Problem
Pictures stay out of the output. Return exactly the lines below from the one with "Hivatalos: Bejelentették az" down to the one with "潜在的な浸す凝視実物 新品 米軍 パーソナルエフェクツバッグ #2", both included, and nothing more.

Data to process
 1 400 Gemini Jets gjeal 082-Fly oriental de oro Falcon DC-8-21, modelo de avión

---

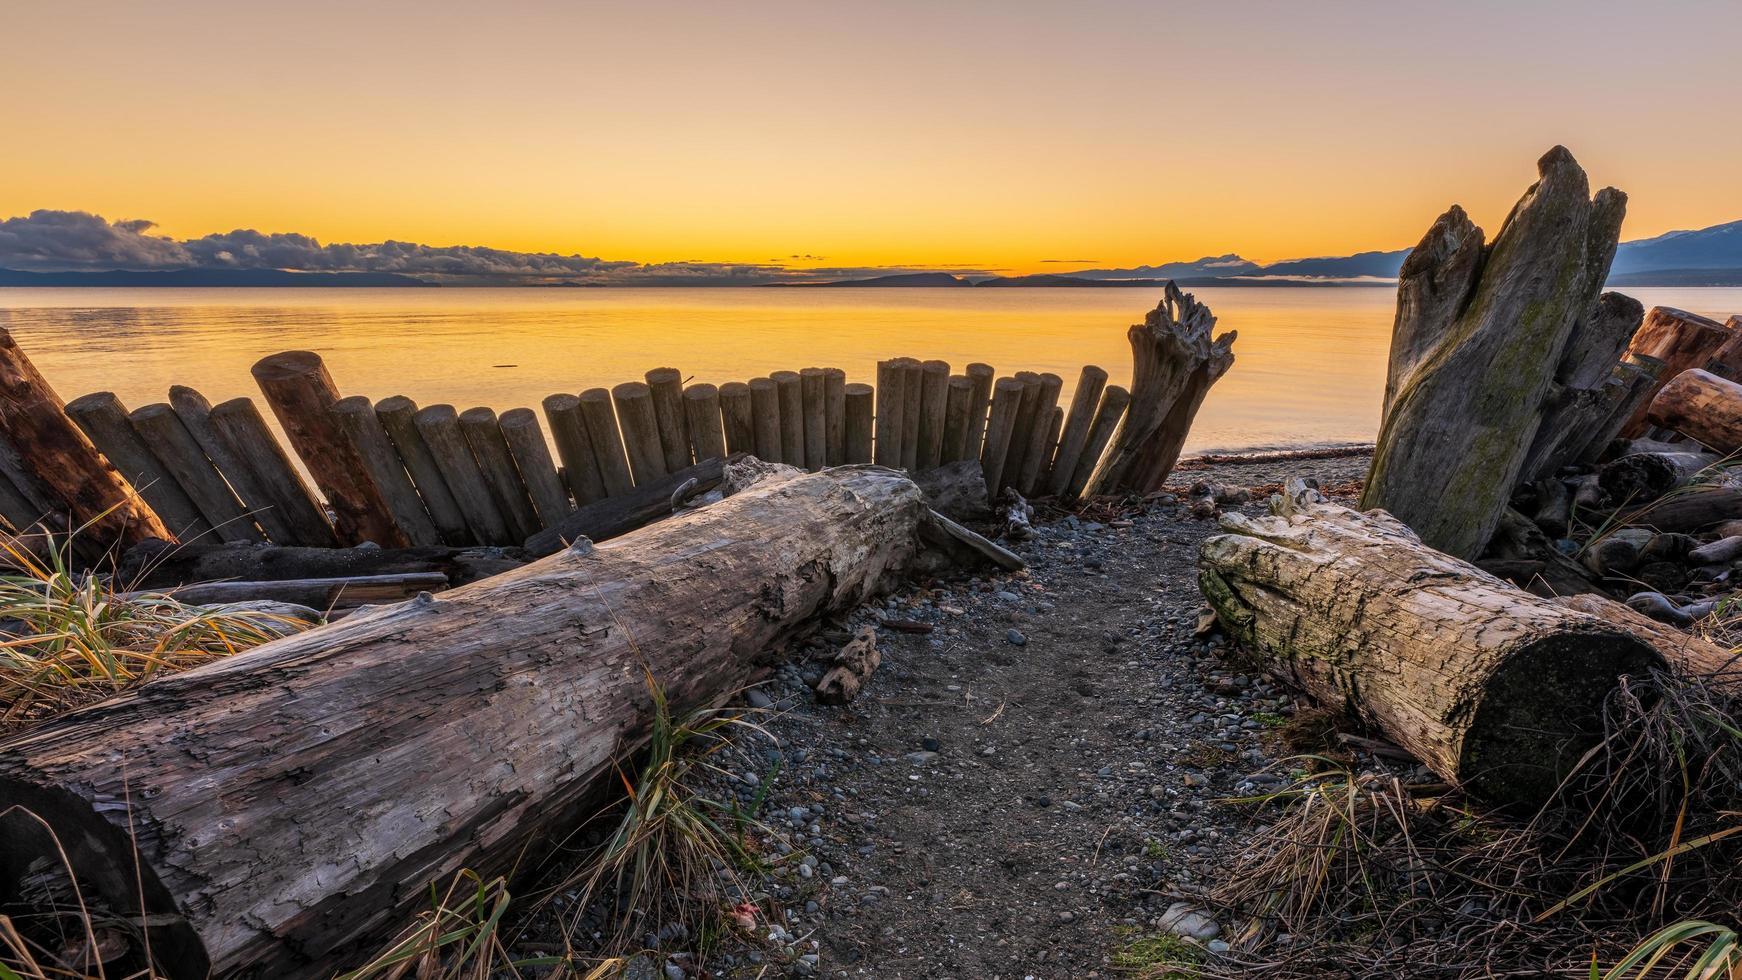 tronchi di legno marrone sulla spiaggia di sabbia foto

---

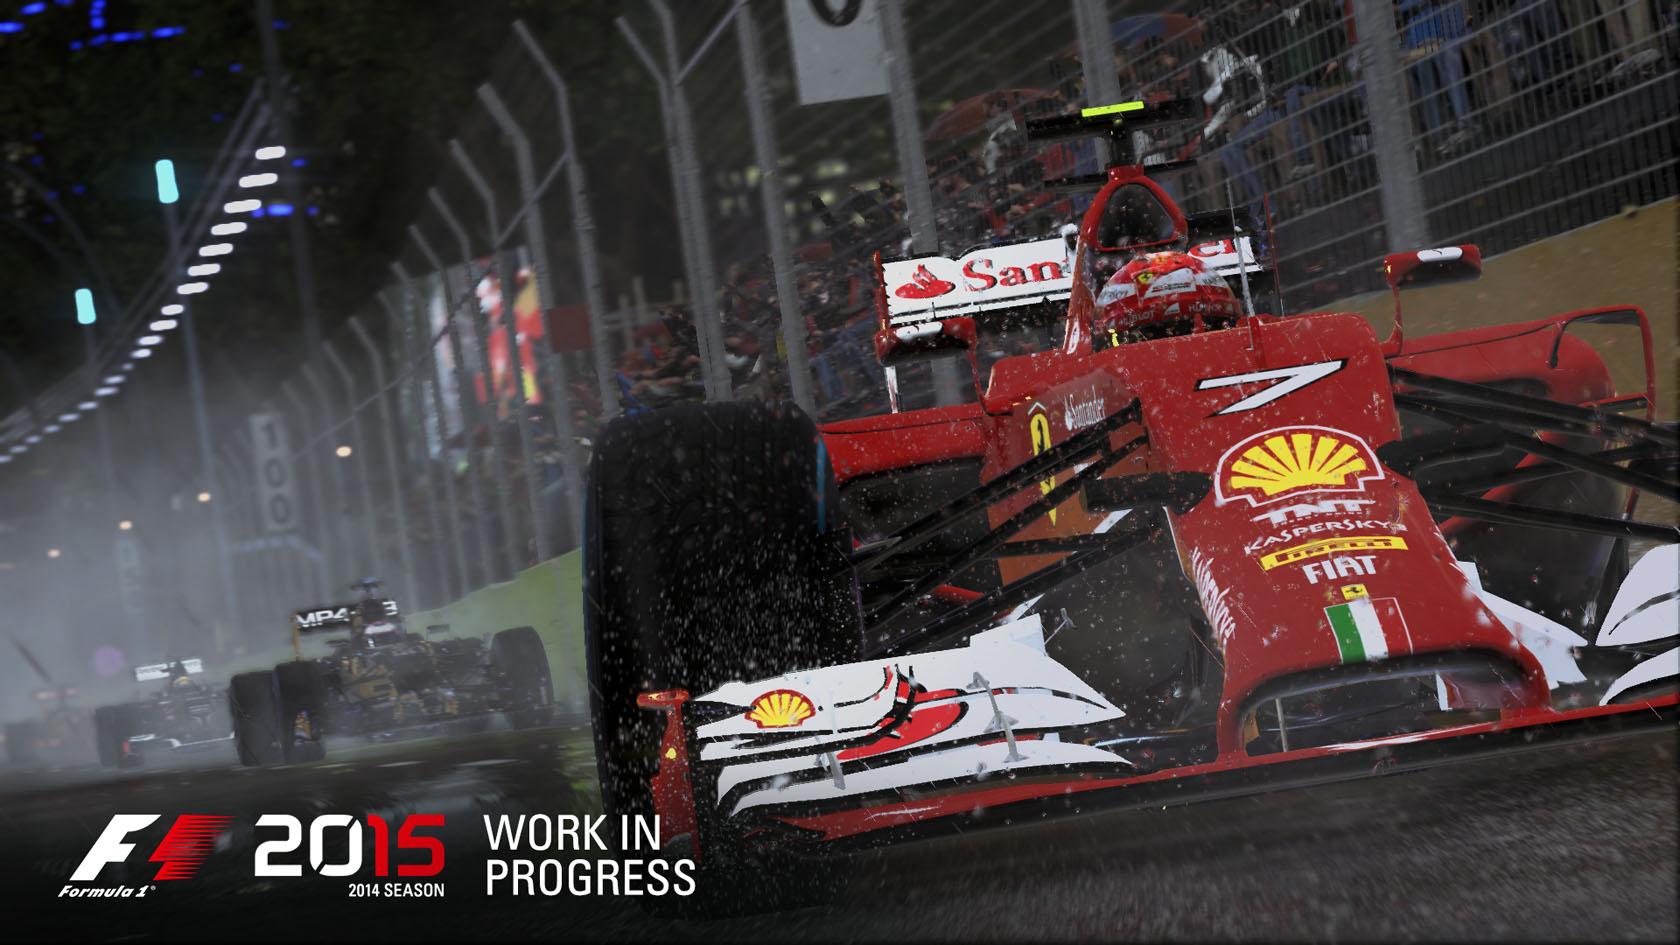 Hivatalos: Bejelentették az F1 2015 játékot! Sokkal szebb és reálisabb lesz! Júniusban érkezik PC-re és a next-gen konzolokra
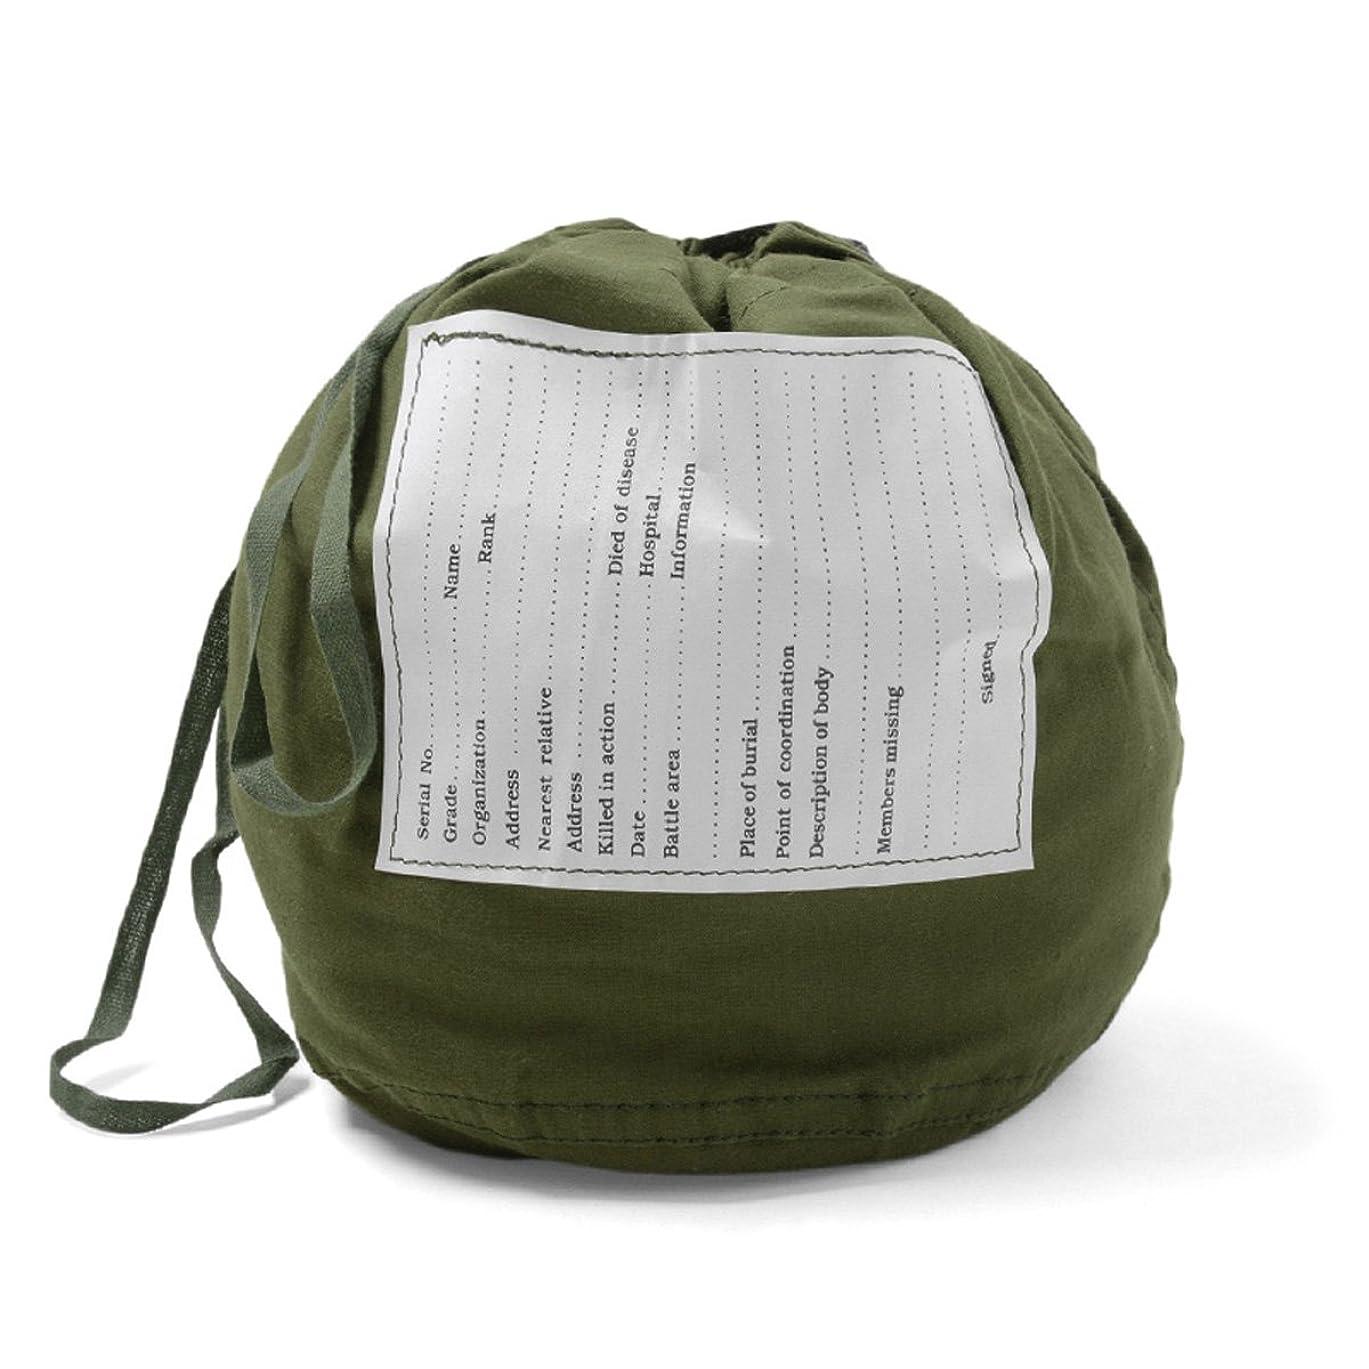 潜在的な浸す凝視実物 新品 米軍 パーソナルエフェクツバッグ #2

Result below
 Hivatalos: Bejelentették az F1 2015 játékot! Sokkal szebb és reálisabb lesz! Júniusban érkezik PC-re és a next-gen konzolokra
 潜在的な浸す凝視実物 新品 米軍 パーソナルエフェクツバッグ #2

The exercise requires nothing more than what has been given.